We can produce logic, and follow the steps of using that logic, but it doesn't seem to me that our cognition is some kind of logic machine itself.
suddenlybananas
Language _is_ the symbolic manipulation system par excellence though.
jerf
There's equivocation in that statement, though, whether you meant there to be or not. There is clearly a difference in how we manipulate English words for normal human activities and the symbolic manipulation with very strict rules we today associate with mathematics and computer science. Human language goes back thousands of years, into the indefinite past we can't track past. Symbolic manipulation is a much, much more recent development, starting only ~2300 years ago around Euclid and not really coming into full development until much later... you can argue about exactly when it is but I'd personally put it as late as the 19th century for it to be recognized in the modern sense. It must be something different if separated by that many centuries.
To disprove my point, please generate a list of 5 random 5-digit numbers and demonstrate multiplying them in your head as quickly as you can read them.
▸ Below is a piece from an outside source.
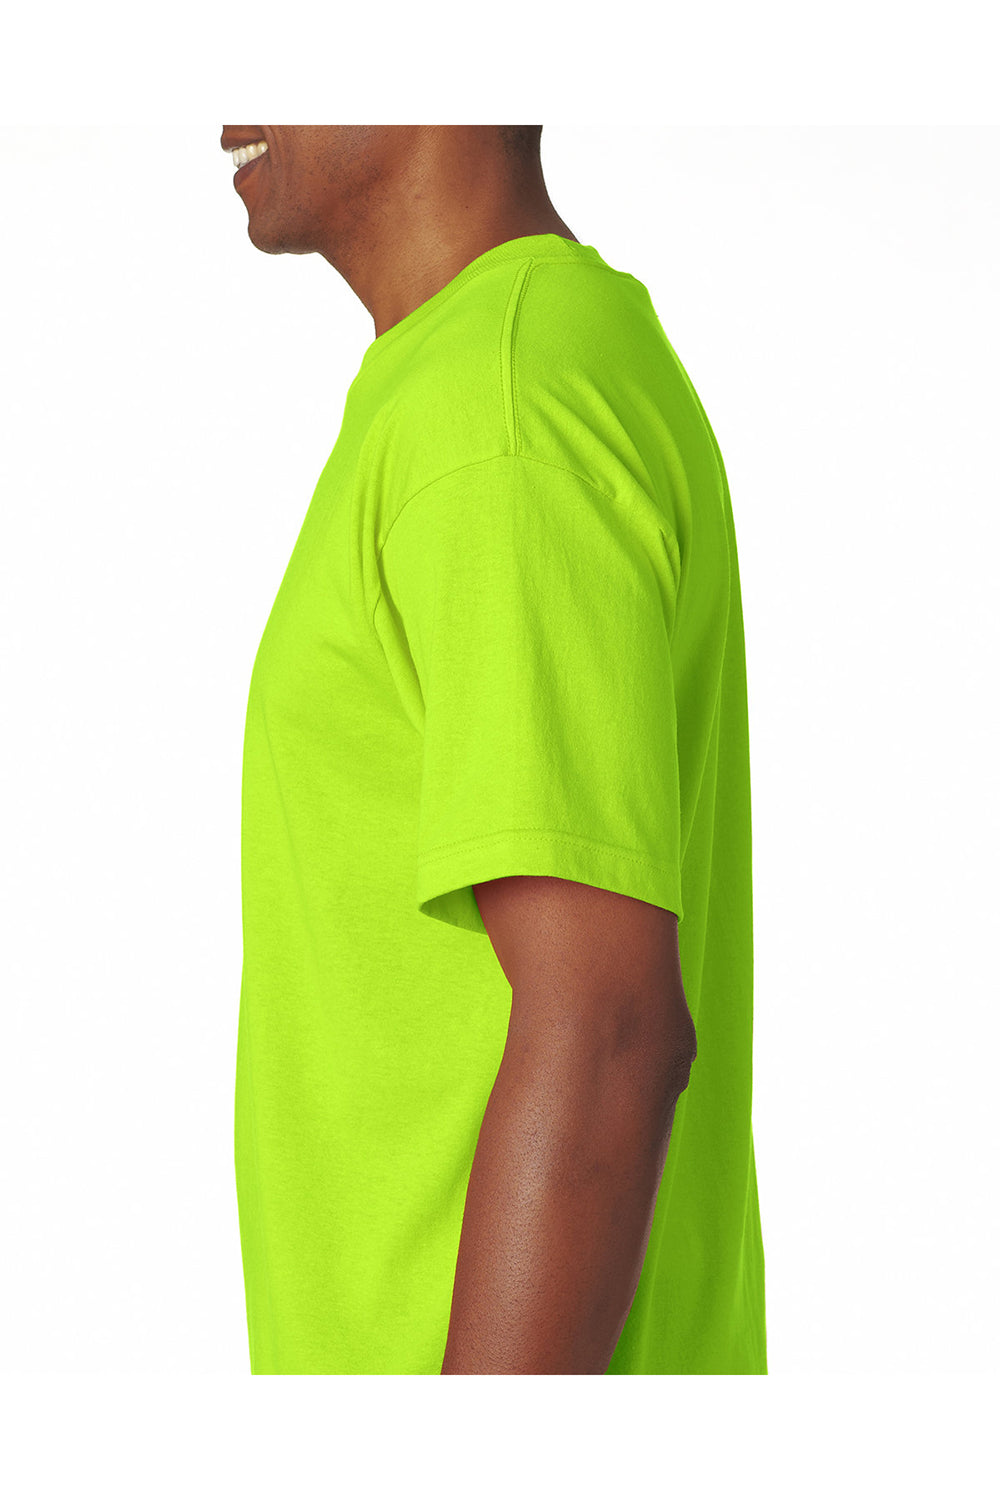 Bayside BA5100 Mens USA Made Short Sleeve Crewneck T-Shirt Lime Green Model Side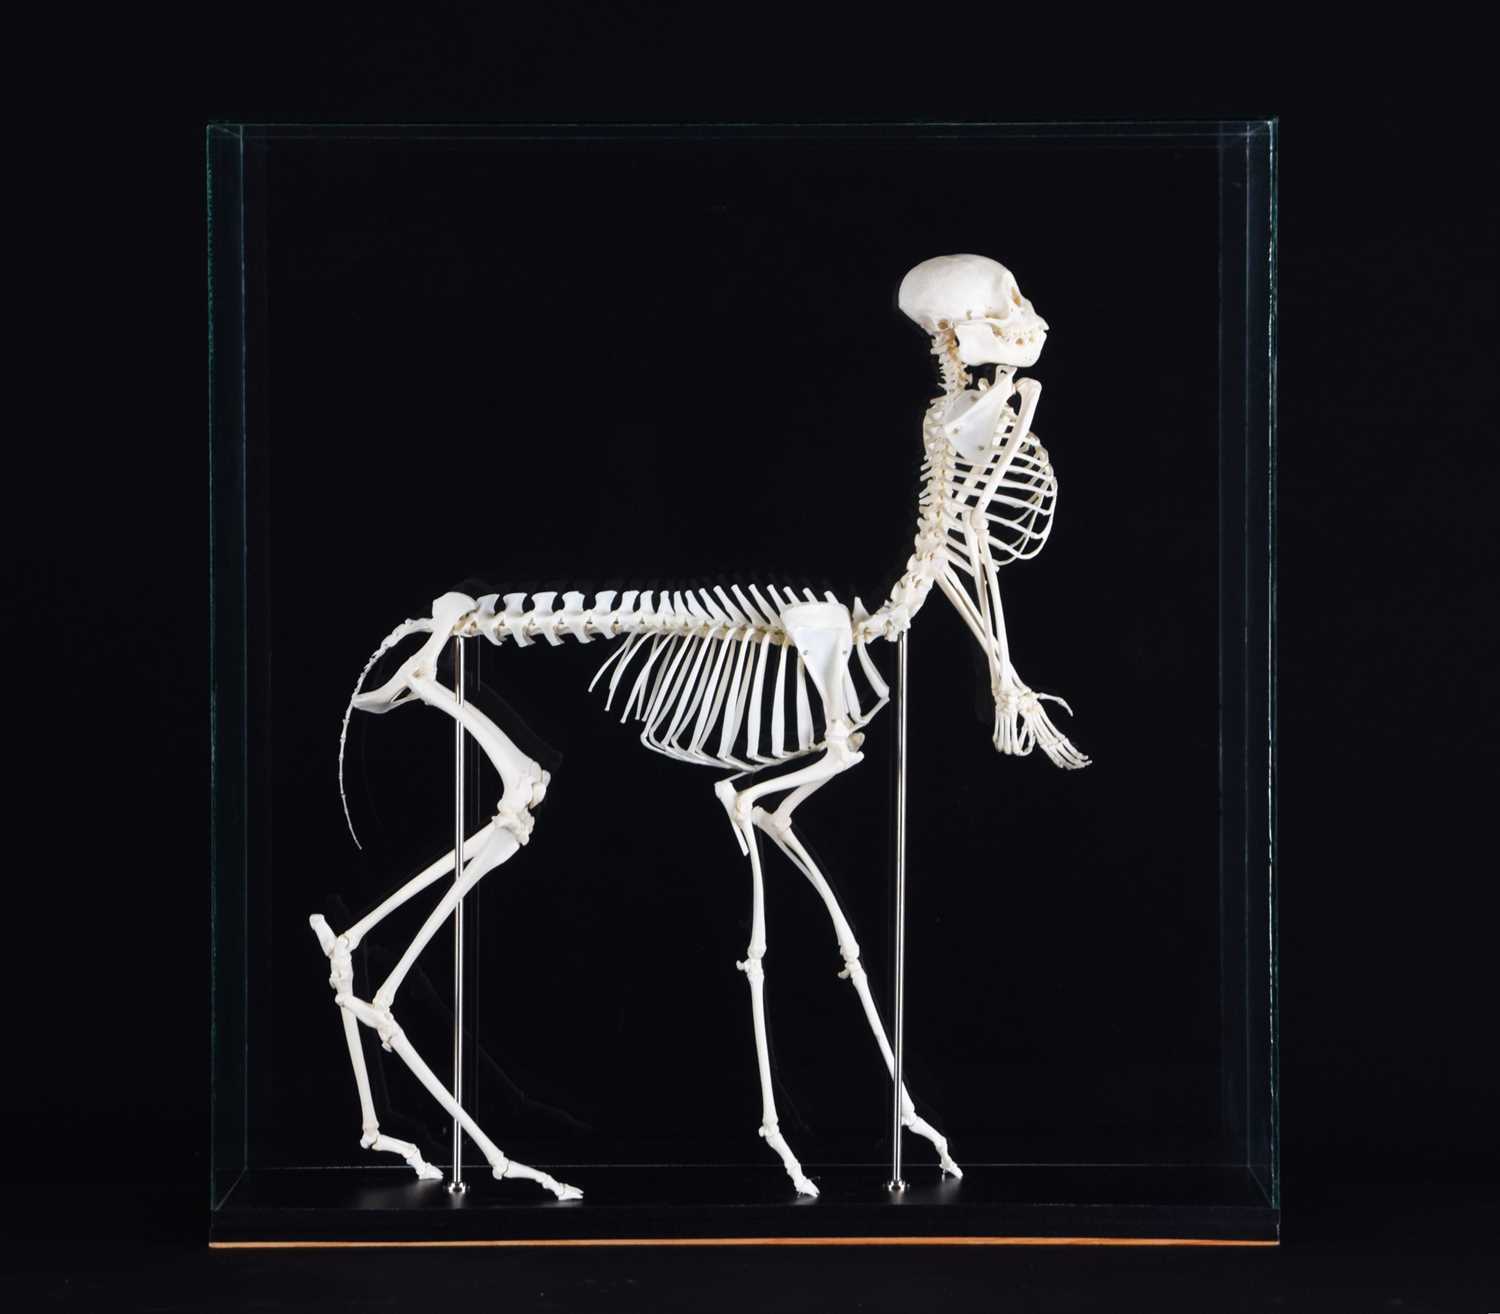 Skeletons/Anatomy: A Composed Centaur Skeleton, modern, a complete articulated skeleton of a

Since you can't, clearly there is something about that that is hard for you, despite the fact that the act of reading this text, maintaining physical homeostasis while you do it, and all the other things your brain is doing as you do this represents a staggering amount of raw computation that is vastly, vastly in excess of what is nominally needed to achieve that computation.
suddenlybananas
Doing multiplication in your head isn't the point though, you can externalise language and use it to do things you can't do in your head by writing it down.
Mathematics was born out of very careful reasoning that we do through language, we only use formalisms as they allow us to avoid the massive ambiguities that exist in natural language. Formal symbolic manipulation came out of our already existing abilities of symbolic manipulation through language.
westurner
[dead]
Would love to see an architecture that learned more like humans. Start with just imitating one letter, then a few more, than some syllables, then full words, then sentences, etc. Progressively adding on top of previous knowledge
Also, it’s interesting that one of the big goals/measures of models is their capacity to “generalize”, but the training methods optimize for loss/accuracy, and only after training test for generalization to validate
Are there training methods/curriculums that explicitly maximize generalization?